A dataframe is a particular data structure that includes:
+ **rows** that record each observation of data
+ **columns** that record different attributes / measures / variables for each observation
+ **column labels** that describe the data recorded in each column
+ **index labels** that differentiate between each observations

## I. Create a dataframe

1. First, we need to import the [**Pandas**, Python's data analysis library](https://pandas.pydata.org/) that allows us to work with dataframes. It is almost universal practice among Python users to import Pandas under the name "pd" to serve as a useful abbreviation we can use when calling Pandas functions. 

2. There are many ways to create a dataframe:
    +  Perhaps the most common way is to **load an existing dataset saved as a *.csv*** (Comma Separated Values) file and read it in directly as a Pandas dataframe. We will introduce that method in the next section.
    +  **Import data from other files and convert it into a dataframe.** For example, you could write a Python script iterating over 1000s of text files and create a Pandas dataframe with basic information about each text (i.e. file names, number of words, etc.)
    + **We can also create a dataframe from scratch** (usually only used to demo or practice with dataframes):

**In the example below, we will create a dataframe from scratch** using data showing outcomes of the men's World Cup in recent decades.
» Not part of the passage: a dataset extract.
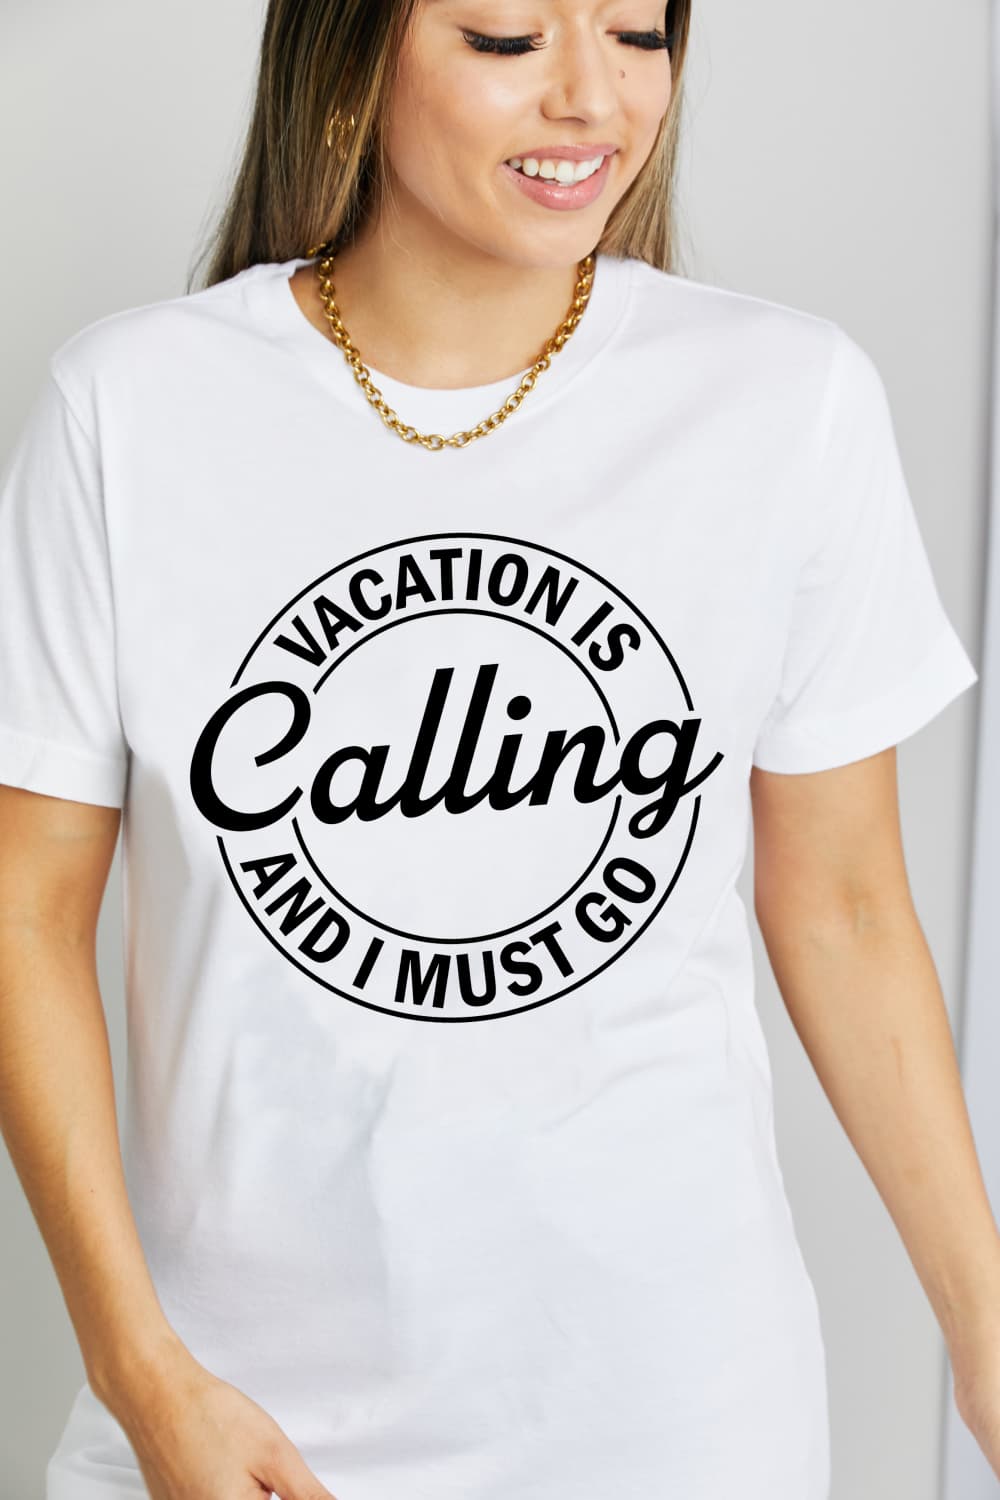 VACATION IS CALLING AND I MUST GO Graphic Cotton T-Shirt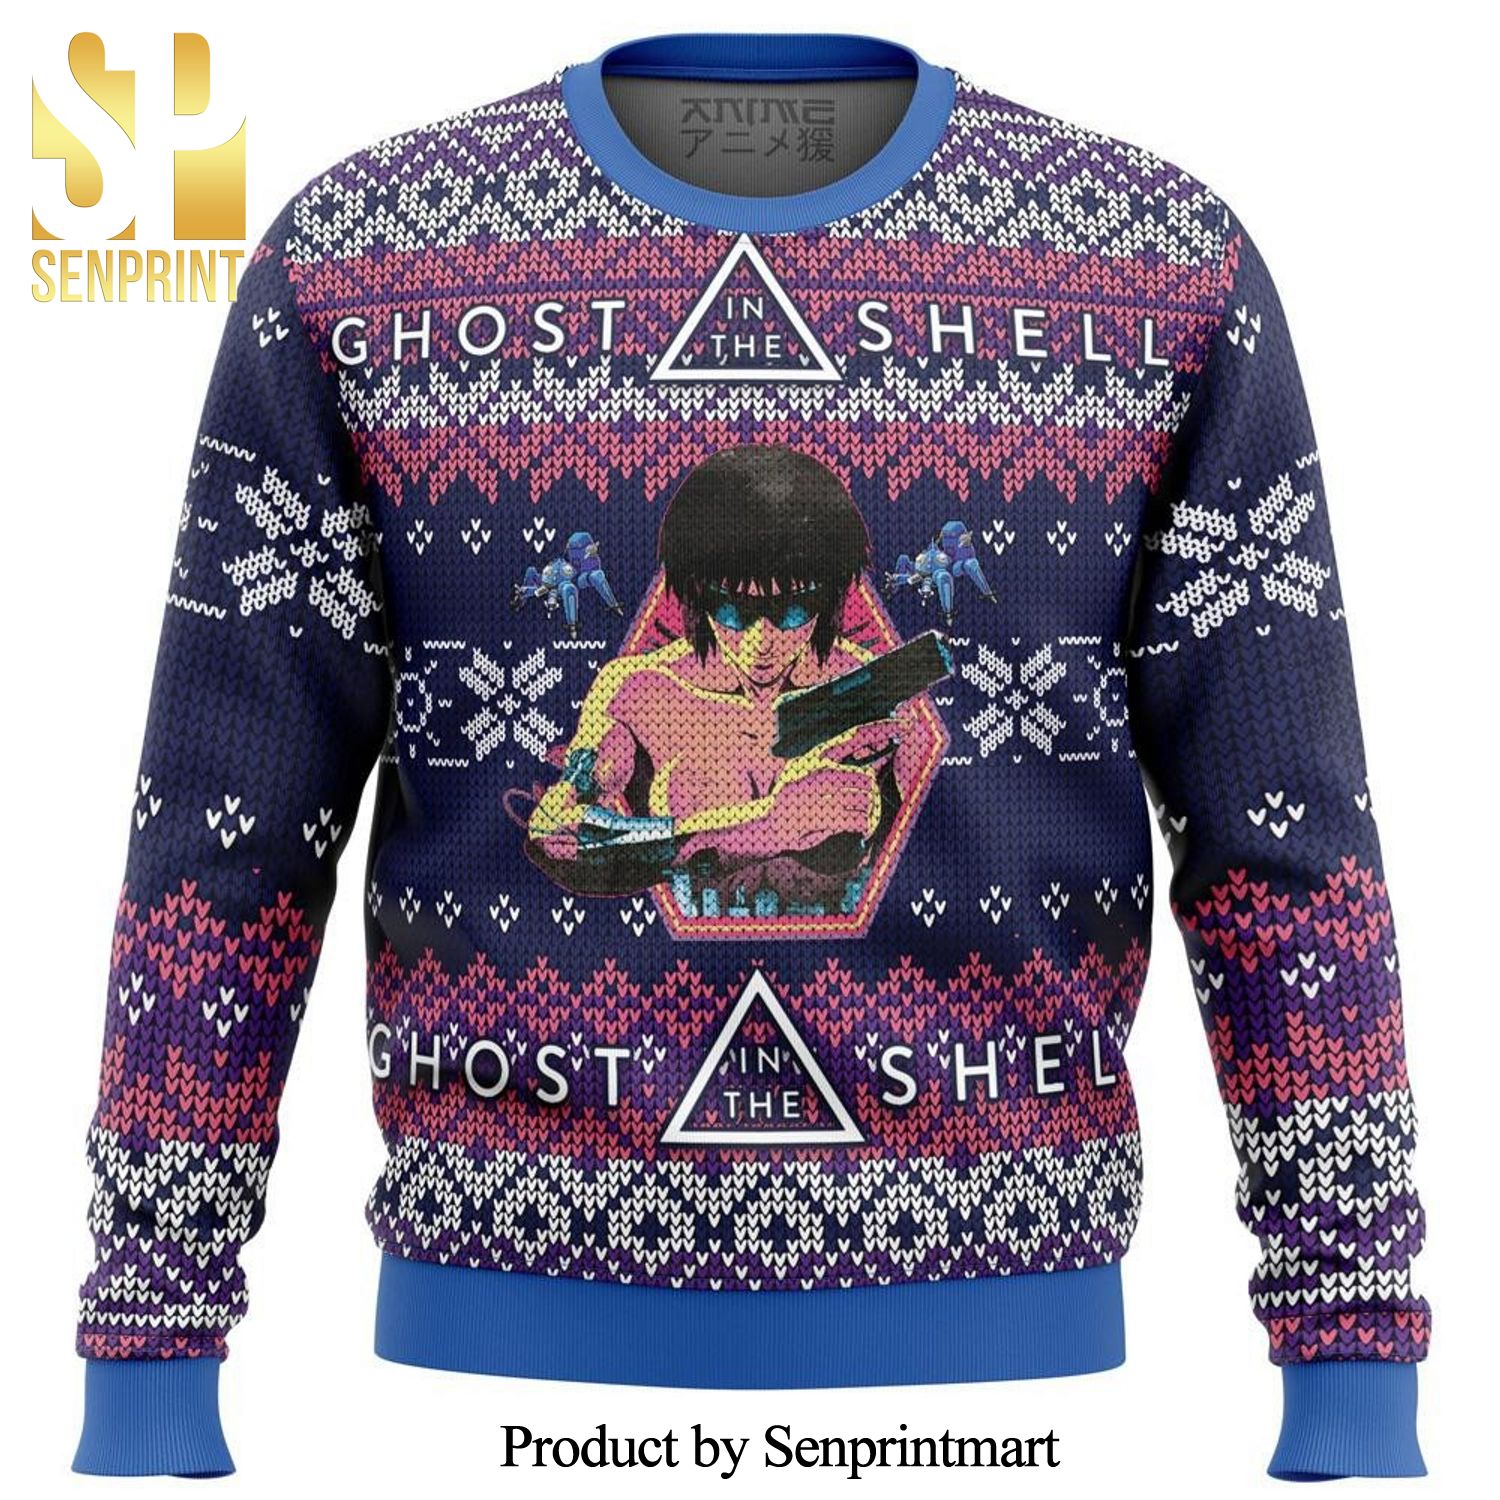 Ghost In The Shell Alt Premium Manga Anime Knitted Ugly Christmas Sweater

In the previous notebook, we worked extensively with lists, which offer a simple way to store one-dimension series of data. Dataframes, however, allow us to store two-dimensional data in which we can store multiple attributes (columns) of data for each observation (row). We can think of dataframes, thus, as a list of lists.

In [None]:
#creating a dataframe from a list of dictionaries
# this example comes from Constellate's Pandas 1 tutorial
  ## https://lab.constellate.org/ilr-review-primary/notebooks/tdm-notebooks-2023-04-19T13%3A37%3A13.281Z/pandas-1.ipynb
wcup = pd.DataFrame({"Year": [2022, 
                              2018, 
                              2014, 
                              2010, 
                              2006, 
                              2002, 
                              1998, 
                              1994, 
                              1990,
                              1986], 
                     "Champion": ["Argentina", 
                                  "France", 
                                  "Germany", 
                                  "Spain", 
                                  "Italy", 
                                  "Brazil", 
                                  "France", 
                                  "Brazil", 
                                  "Germany", 
                                  "Argentina"], 
                     "Host": ["Qatar", 
                              "Russia", 
                              "Brazil", 
                              "South Africa", 
                              "Germany", 
                              "Korea/Japan", 
                              "France", 
                              "USA", 
                              "Italy", 
                              "Mexico"]
                    })

In [None]:
#another way to create a dataframe from the same data: using a list of lists (rows)
wcup_lists = [[2022, "Argentina", "Qatar"], [2018, "France", "Russia"], [2014, "Germany", "Brazil"]]
wcup2 = pd.DataFrame(wcup_lists, columns = ["Year", "Champion", "Host"])
wcup2.head()

3. In the above example, we are directly inputting a dataframe using the Python **dictionary** data structure. For more on Python dictionaries [click here](https://www.w3schools.com/python/python_dictionaries.asp). 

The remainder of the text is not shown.